◆ Work request ◆
Verbatim copy, images omitted: return the full listing.
[Data section Boundary: Start]
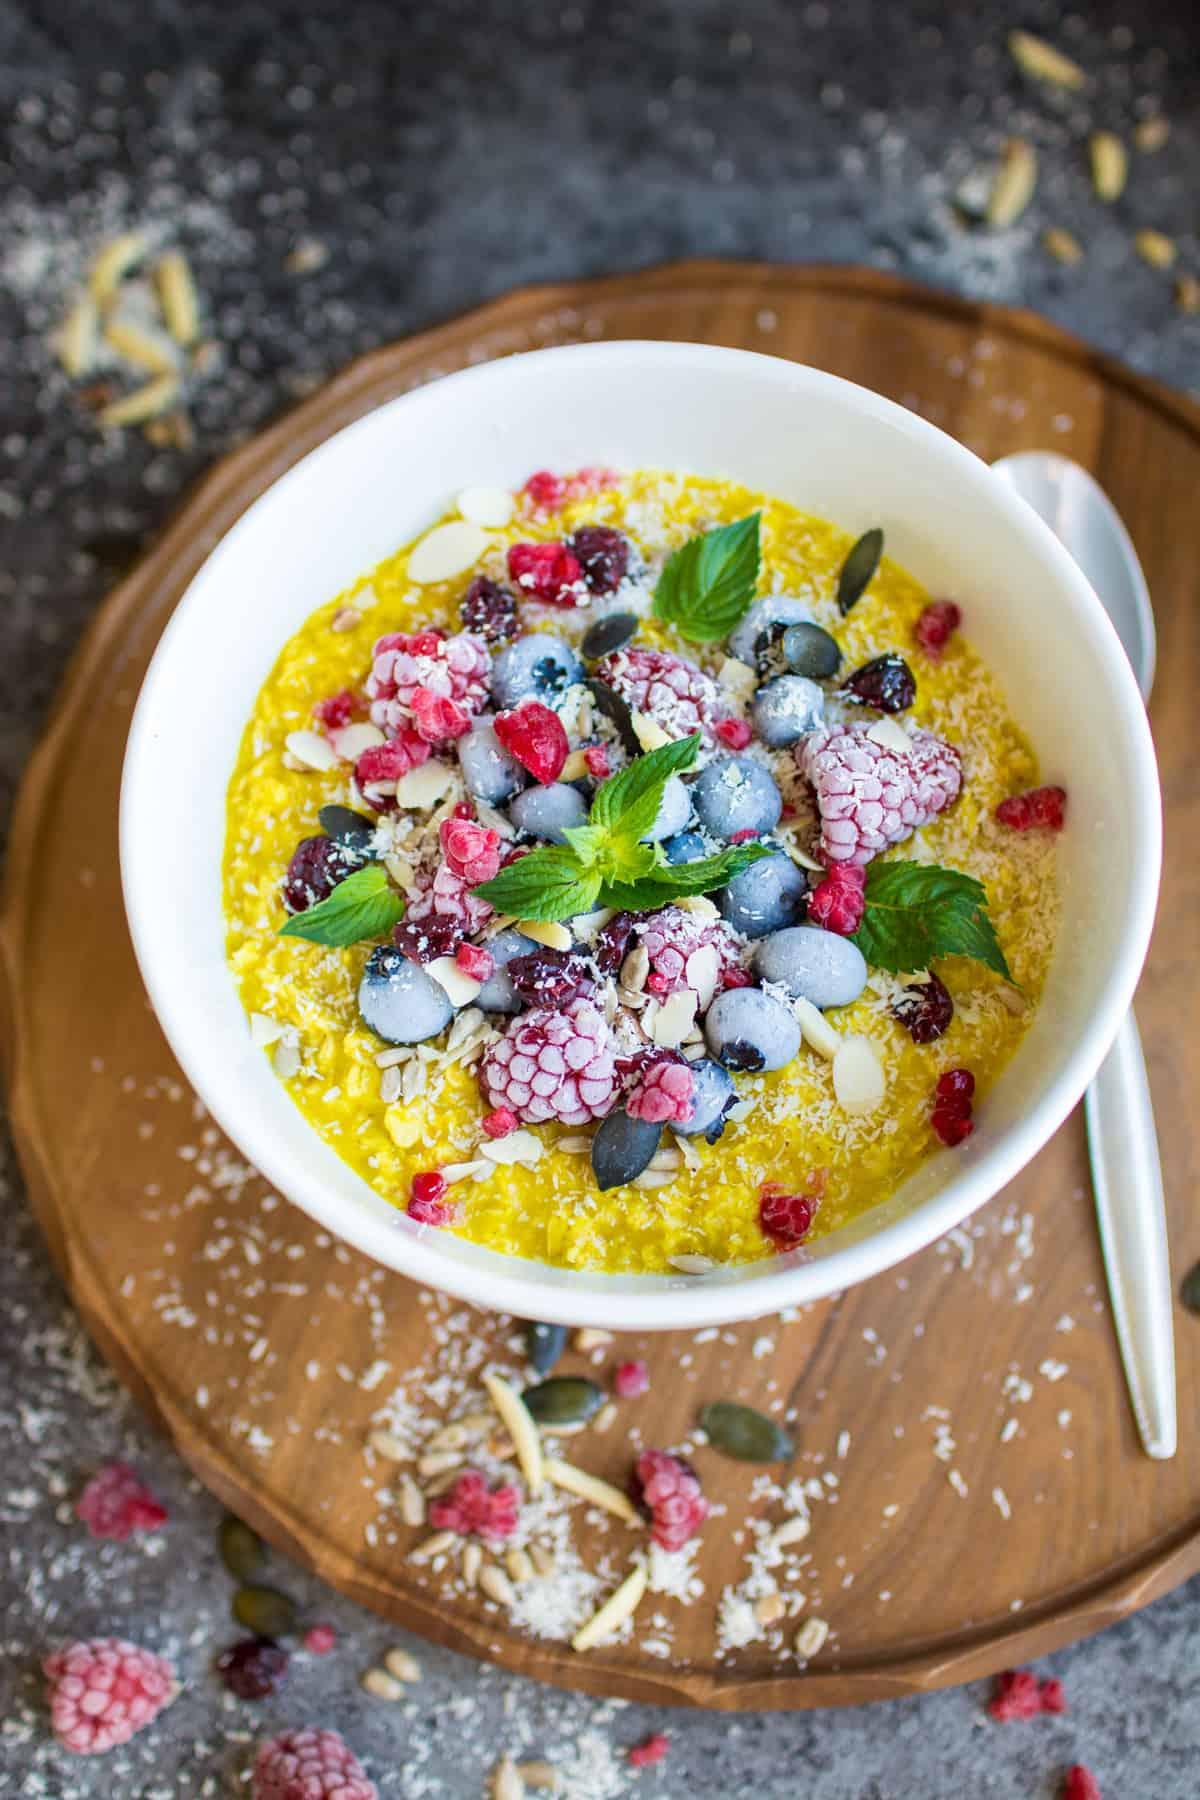 Turmeric oatmeal bowl with berries
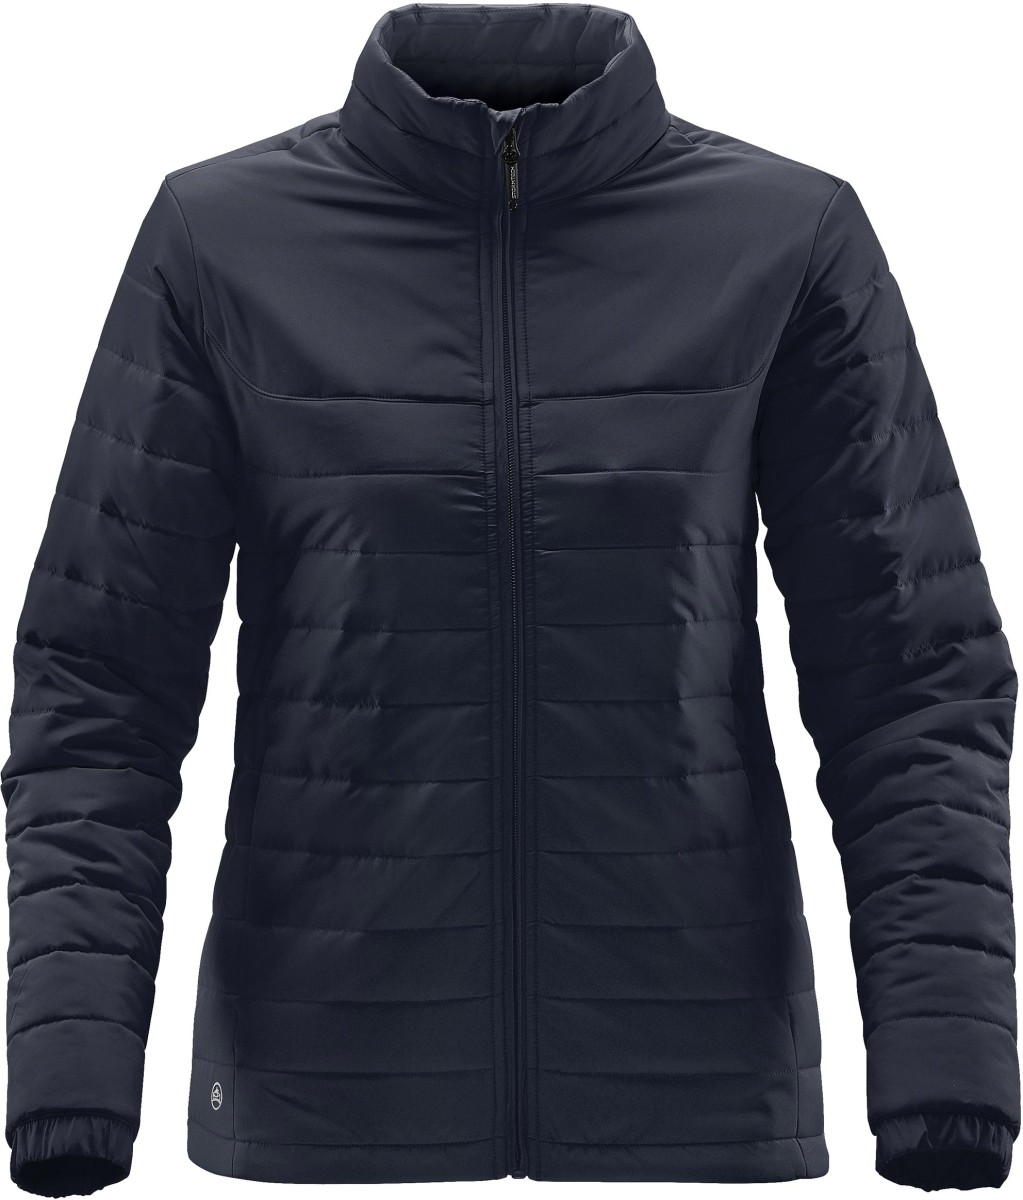 Stormtech Womens Nautilus Jacket
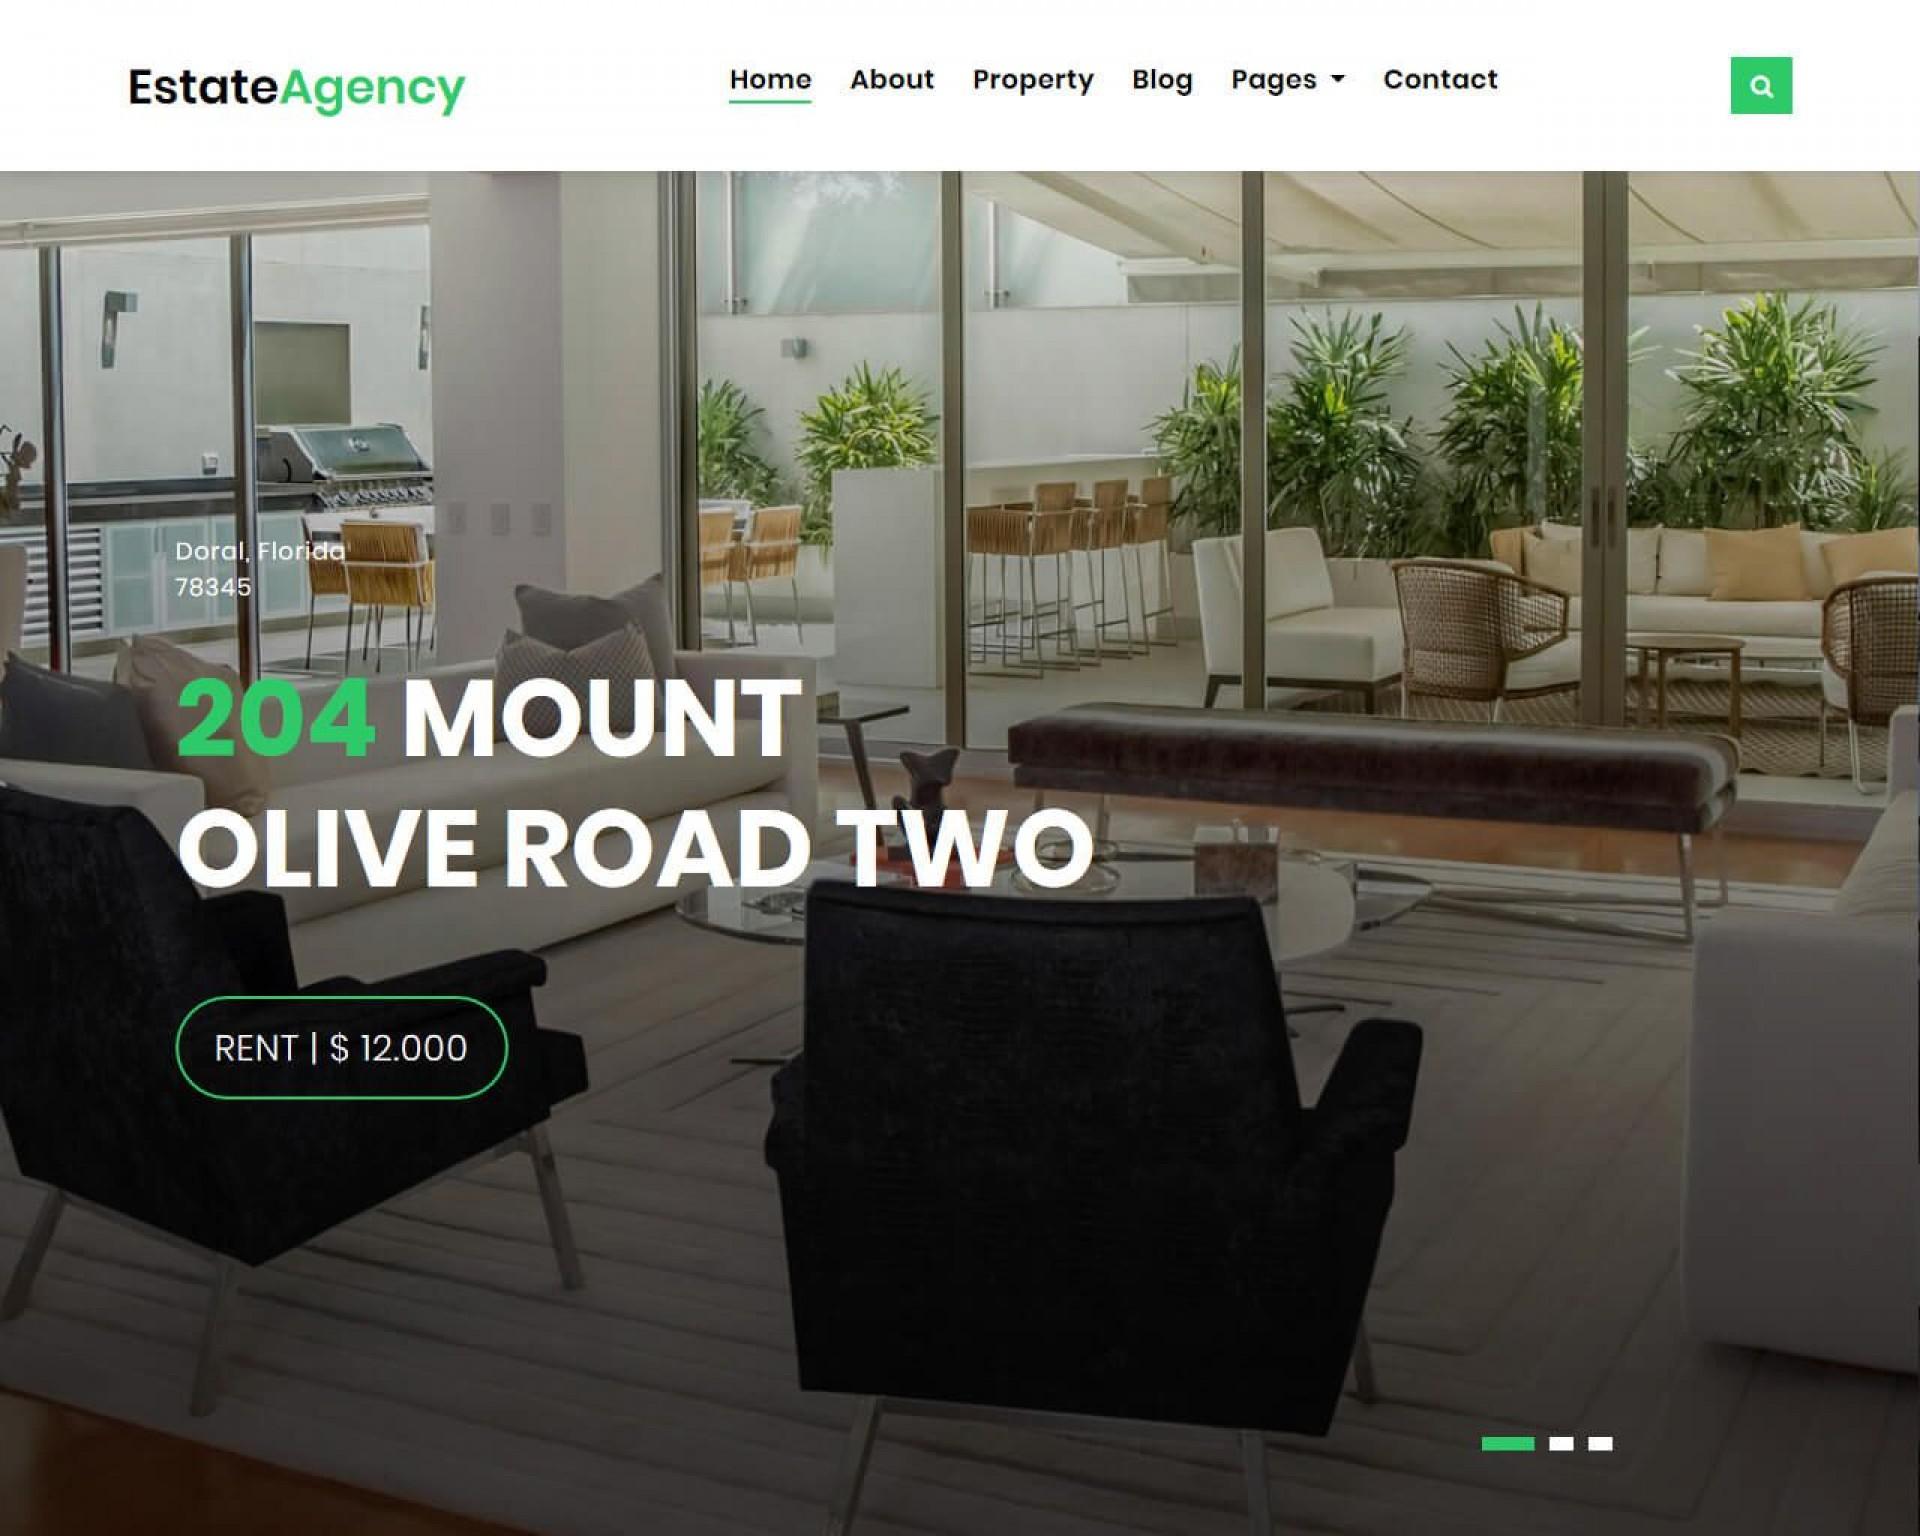 007 Striking Real Estate Website Template Sample  Templates Bootstrap Free Html5 Best Wordpres1920
[Data section Boundary: End]
◆ Your response ◆
 Turmeric oatmeal bowl with berries
 Stormtech Womens Nautilus Jacket
 007 Striking Real Estate Website Template Sample  Templates Bootstrap Free Html5 Best Wordpres1920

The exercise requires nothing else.